Start of Data block

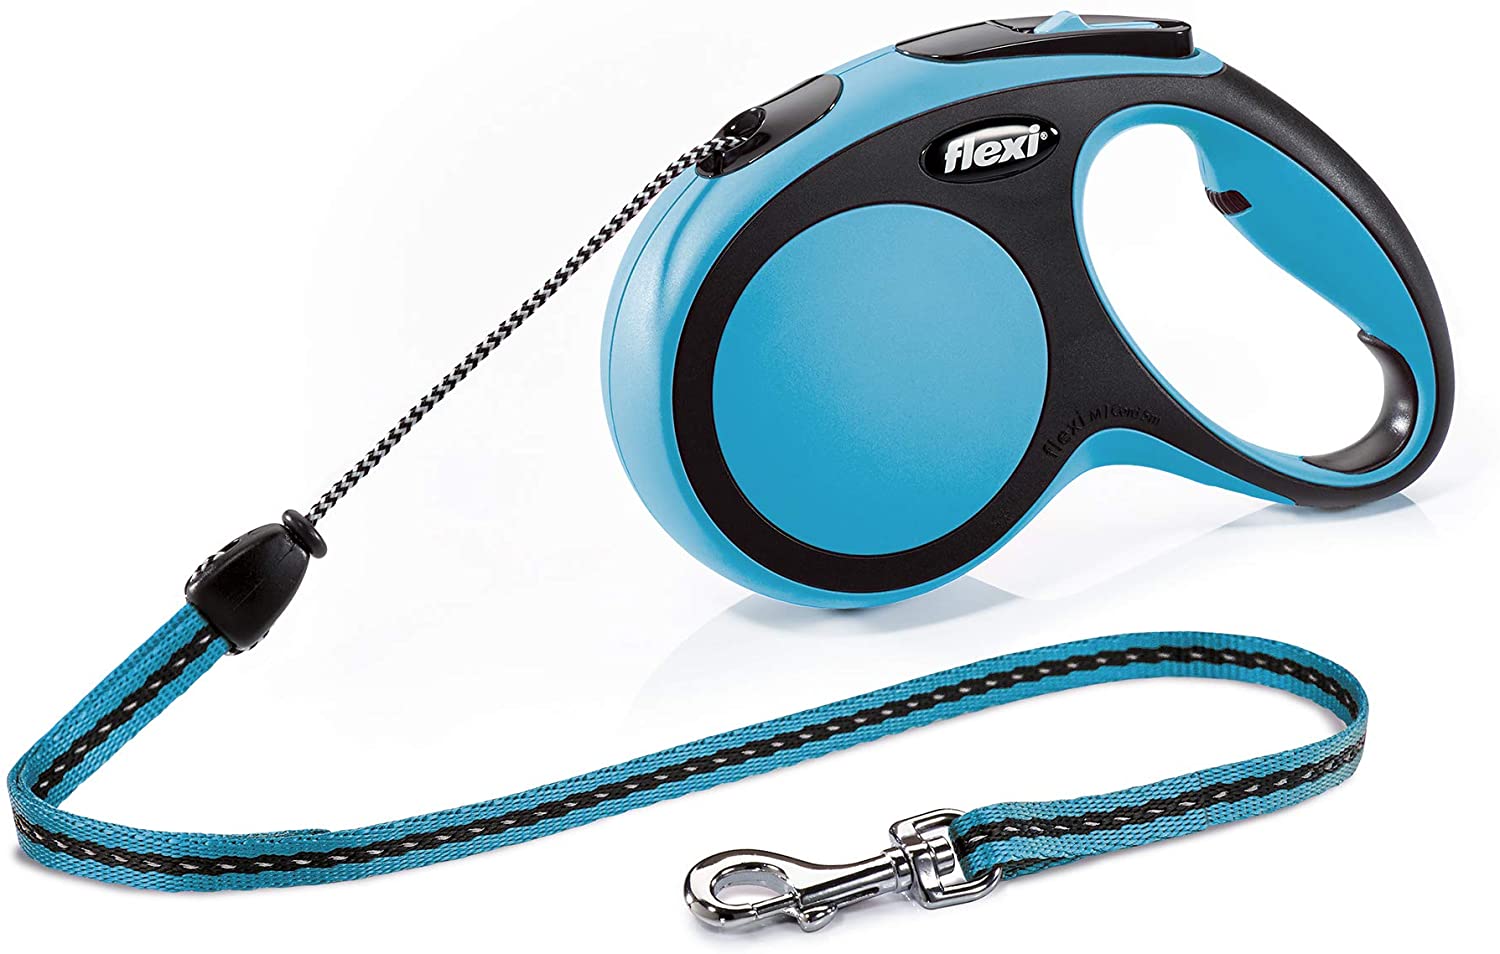  Croci C2055816 Llevar Perro Flexi Confort Cable Azul 
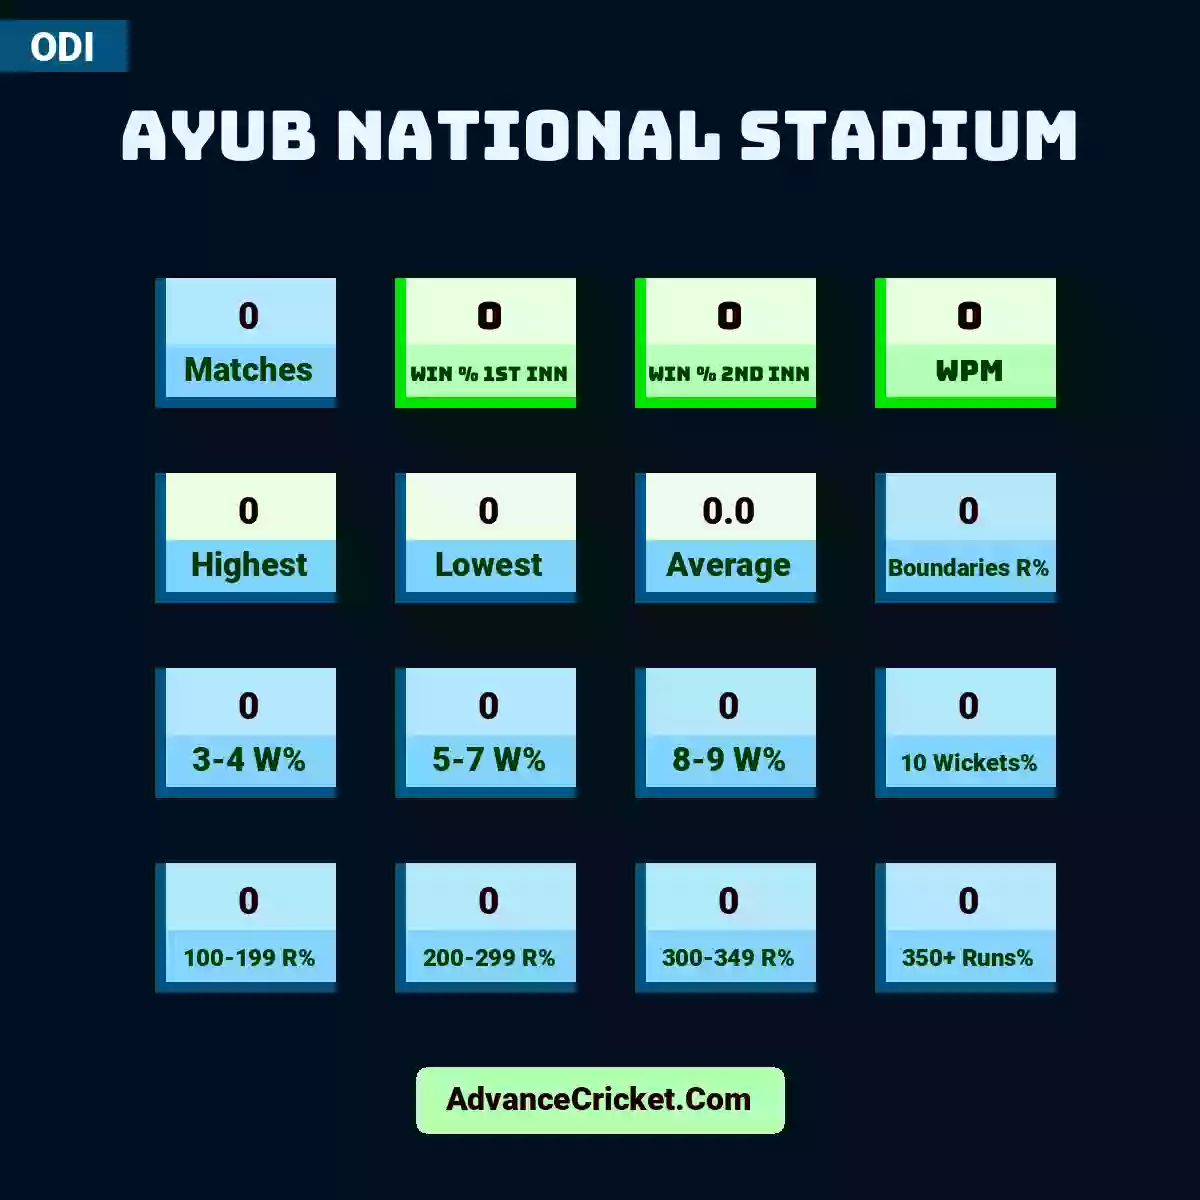 Image showing Ayub National Stadium with Matches: 0, Win % 1st Inn: 0, Win % 2nd Inn: 0, WPM: 0, Highest: 0, Lowest: 0, Average: 0.0, Boundaries R%: 0, 3-4 W%: 0, 5-7 W%: 0, 8-9 W%: 0, 10 Wickets%: 0, 100-199 R%: 0, 200-299 R%: 0, 300-349 R%: 0, 350+ Runs%: 0.
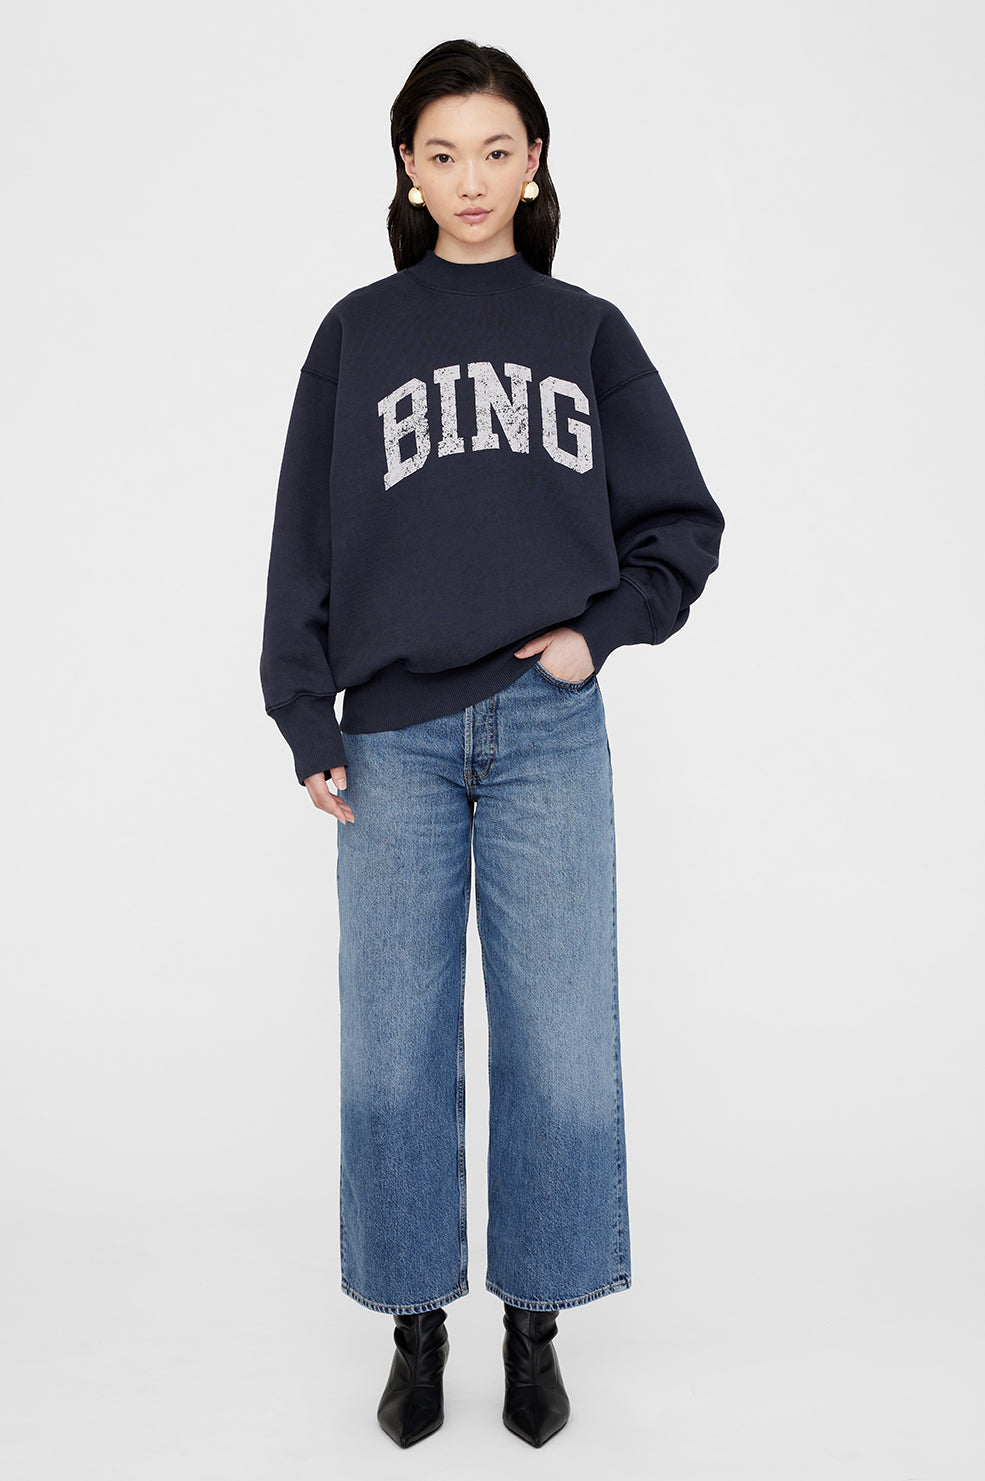 Bradie Sweatshirt Bing  product image

End of Data block

## About this task
Please return only the lines from the one holding "Image showing Ayub" through the end of the data, both ends included; do not copy any pictures.

## Solution
 Image showing Ayub National Stadium with Matches: 0, Win % 1st Inn: 0, Win % 2nd Inn: 0, WPM: 0, Highest: 0, Lowest: 0, Average: 0.0, Boundaries R%: 0, 3-4 W%: 0, 5-7 W%: 0, 8-9 W%: 0, 10 Wickets%: 0, 100-199 R%: 0, 200-299 R%: 0, 300-349 R%: 0, 350+ Runs%: 0.
 Bradie Sweatshirt Bing  product image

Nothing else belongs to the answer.